One of the powerful features of crypto protocols is the ability to create incentivization layers for a global network of participants to contribute towards a common goal. Participants supply some sort of good or service, are rewarded via a token, and are economically interested in the success of the project. In crypto, this concept typically goes by the name Decentralized Physical Infrastructure or Proof of Physical Work. Crypto rewards can incentivize crowdsourced work across the globe to build typically expensive infrastructure with little to no cost.
There is a glaring need for a third option to access the computing power necessary to train machine learning models. This is where networks like Gensyn come in. Gensyn is a blockchain protocol that seeks to tap into the world’s idle computing power by rewarding those who pledge computing resources to create a decentralized compute network open for all. Essentially, they are aiming to build a permissionless global supercomputer tasked with the sole purpose of training machine learning models.
With access to a global computing network specifically built for machine learning, a marketplace emerges for selling computing power significantly cheaper than current cloud providers. This is because there are no firm overhead expenses surrounding the purchase of computing hardware or paying employees; rather the computing power is globally donated in return for a reward token. Furthermore, there is potentially infinite scale as to how much computing power can be accessed dependent upon how many people want to provide their idle compute to the network. Gensyn looks to not only utilize idle compute from data center GPUs but also use gaming GPUs, ASICs typically built for Bitcoin mining, and even our iPhones that carry chips capable of neural processing abilities.
While the protocol is not yet live, Gensyn projects the hourly cost to rent a GPU capable of machine learning model training to be around $0.40 per hour. With the potential for significantly more computing power as a whole collective network versus tech giants renting their limited supply, coupled with the fact that Gensyn does not charge a margin, compute costs can be reduced dramatically, allowing for continued advancement and open access to anyone who needs computing power necessary to train their models.
As machine learning continues to be integrated into our everyday lives and new use cases emerge, along with the increasing cost of compute and compute power needed for training further advanced models, Gensyn presents a unique solution to the current problems machine learning developers face.
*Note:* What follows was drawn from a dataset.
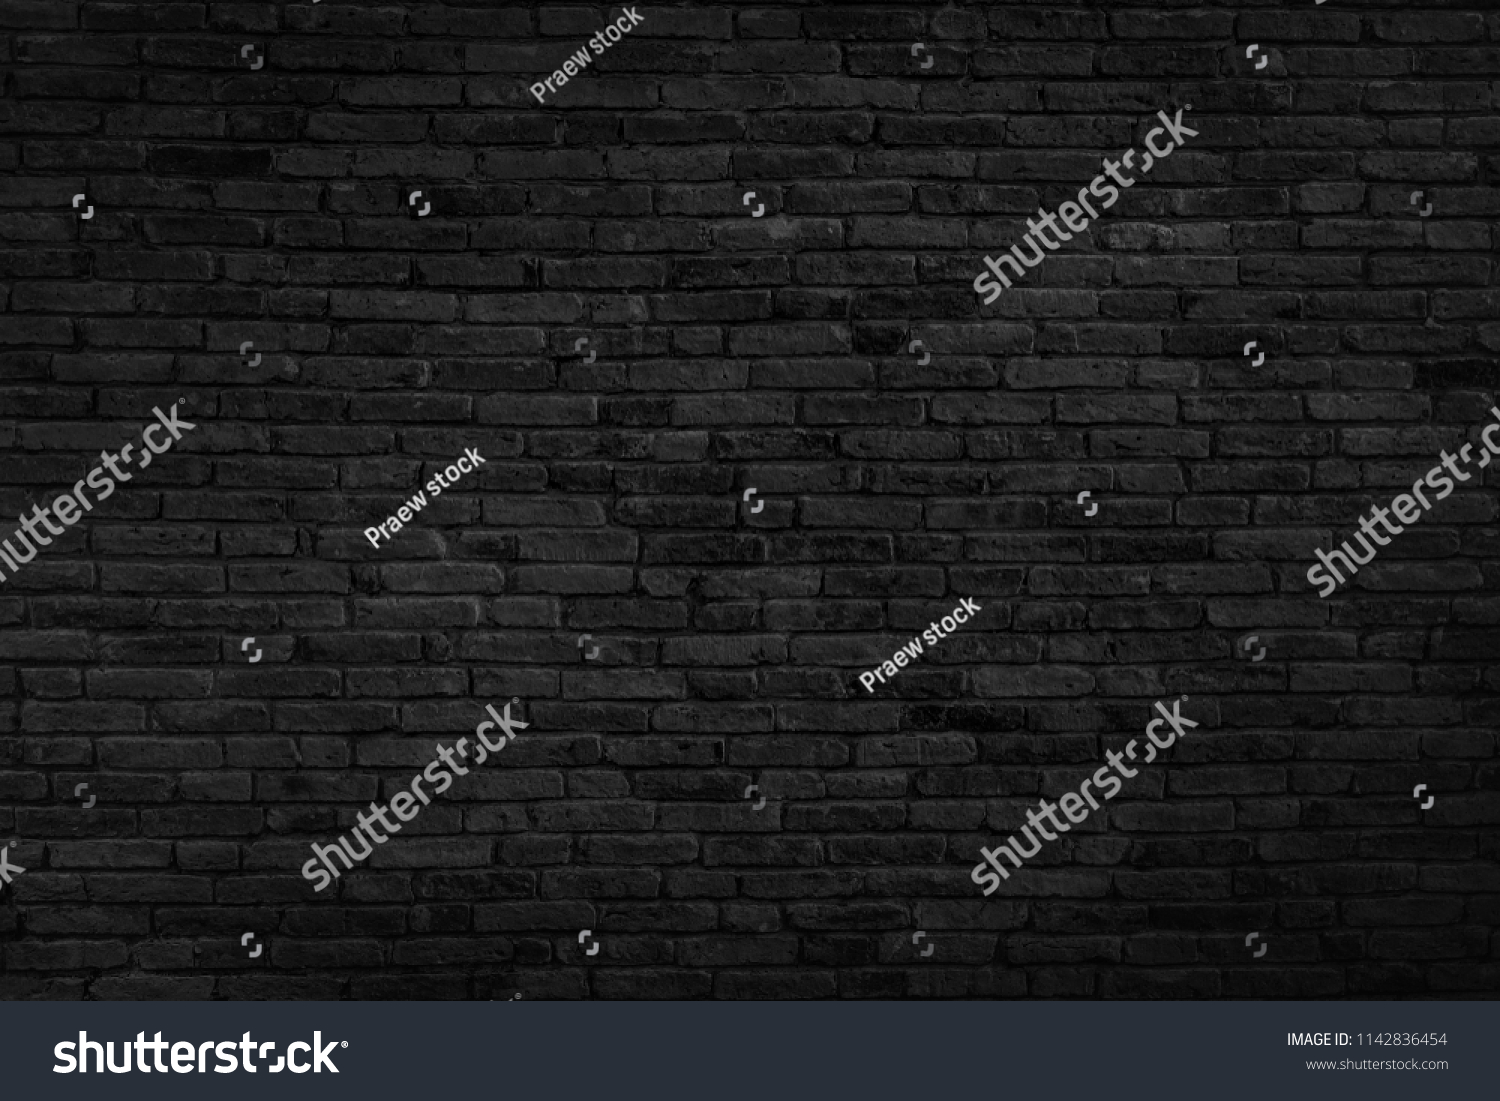 Old black brick wall texture background,brick wall texture for for interior or exterior design backdrop,vintage dark tone. #1142836454

While this may not seem like an immediate case for a wave of adoption of cryptocurrency, we believe there will be significant demand for a purpose-built decentralized computing network as a cheaper alternative to AWS and Google. People will want to donate their idle GPU power in return for a reward as there is no cost to the user for providing idle power. Suppliers will be attracted to the idea that one could earn rewards by allowing access to your iPhone or MacBook’s computing capability whilst sleeping. As the appeal for rewards tied to computational power grows, there will be a surge in the supply of such power. This increase will unlock more possibilities for developers. Additionally, suppliers of this computing power will gradually enter the cryptocurrency sphere, which will stimulate them to investigate additional applications like Decentralized Finance (DeFi), Stablecoins, and NFTs. This expansion will eventually contribute to the enlargement of the overall ecosystem.